Nisekoi: False Love (ニセコイ, Nisekoi) is a 2018 Japanese film adaptation of a manga series of the same name by Naoshi Komi. It is directed by Hayato Kawai, distributed by Toho, and stars Kento Nakajima and Ayami Nakajo as Raku Ichijo and Chitoge Kirisaki respectively. It was released in Japan on December 21, 2018. The theme song of the film, KawaE by Yabai T-shirts Yasan. This Live-action movie was released across 294 theaters in Japan.

== Plot ==
Raku Ichijo is in high school. He does not like violence and is studying to fulfil his aspiration to serve the public. Chitoge Kirisaki is a transfer student and new to the school. She accidentally knocks Raku down. Normally, that would be that; except each is respectively the son and daughter of local Yakuza gang members. There is going to be trouble unless they act as if they are going steady.

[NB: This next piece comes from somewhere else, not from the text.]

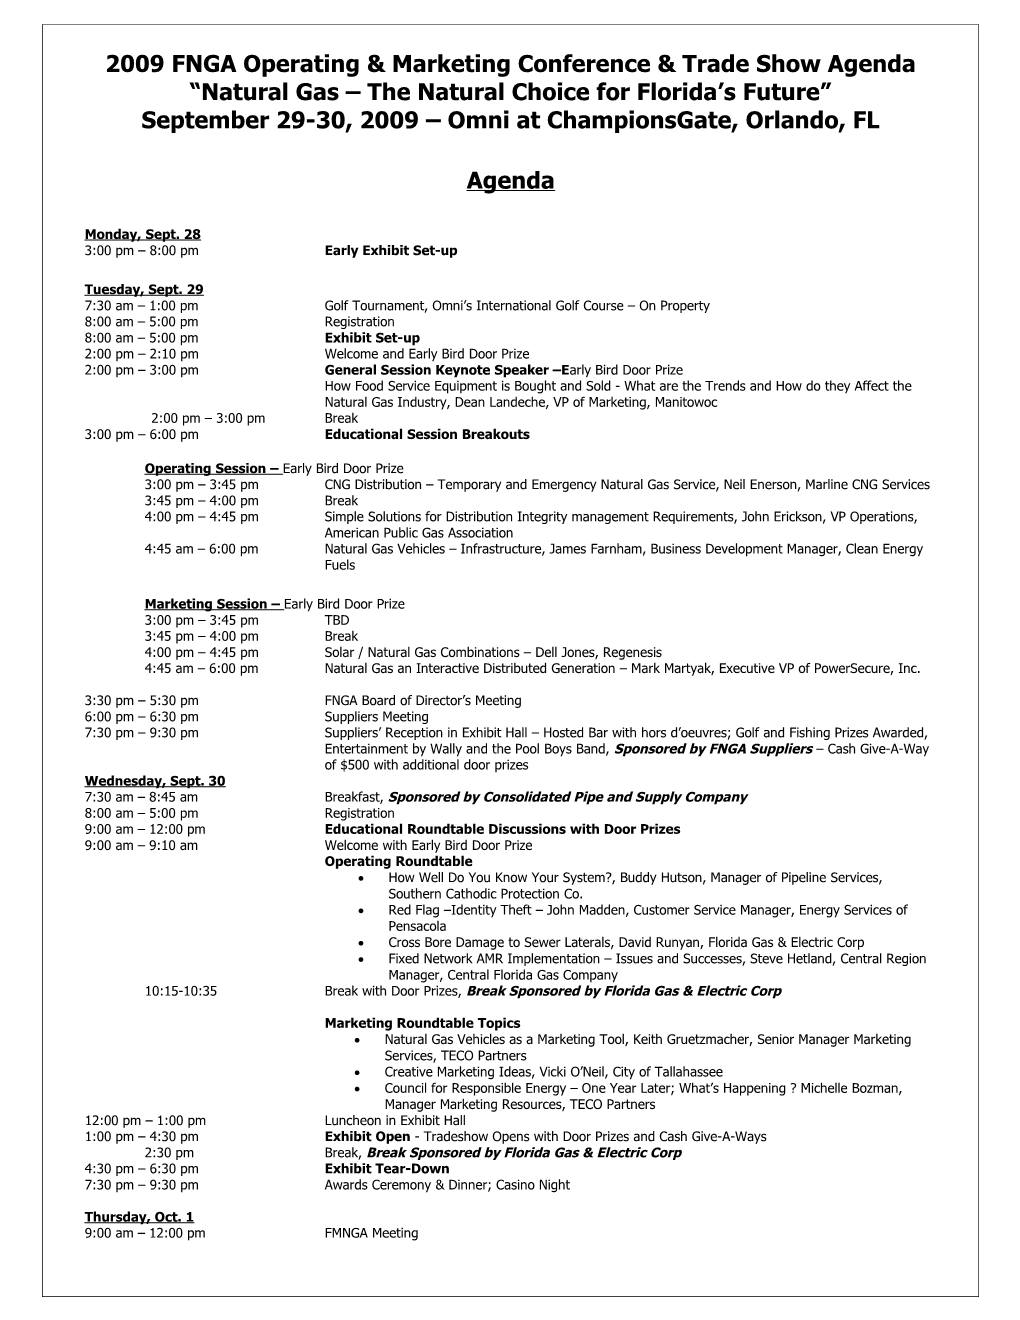 2003 FNGA Marketing & Operating Conference & Trade Show

It is not going to be easy because they dislike one another.

==Cast==
- Kento Nakajima as Raku Ichijo
- Ayami Nakajo as Chitoge Kirisaki
- Natsumi Ikema as Kosaki Onodera
- Haruka Shimazaki as Marika Tachibana
- Kaede Aono as Seshirō Tsugumi
- Yūta Kishi as Shū Maiko: Raku's best friend.
- Hana Kawamura as Ruri Miyamoto: Kosaki's best friend.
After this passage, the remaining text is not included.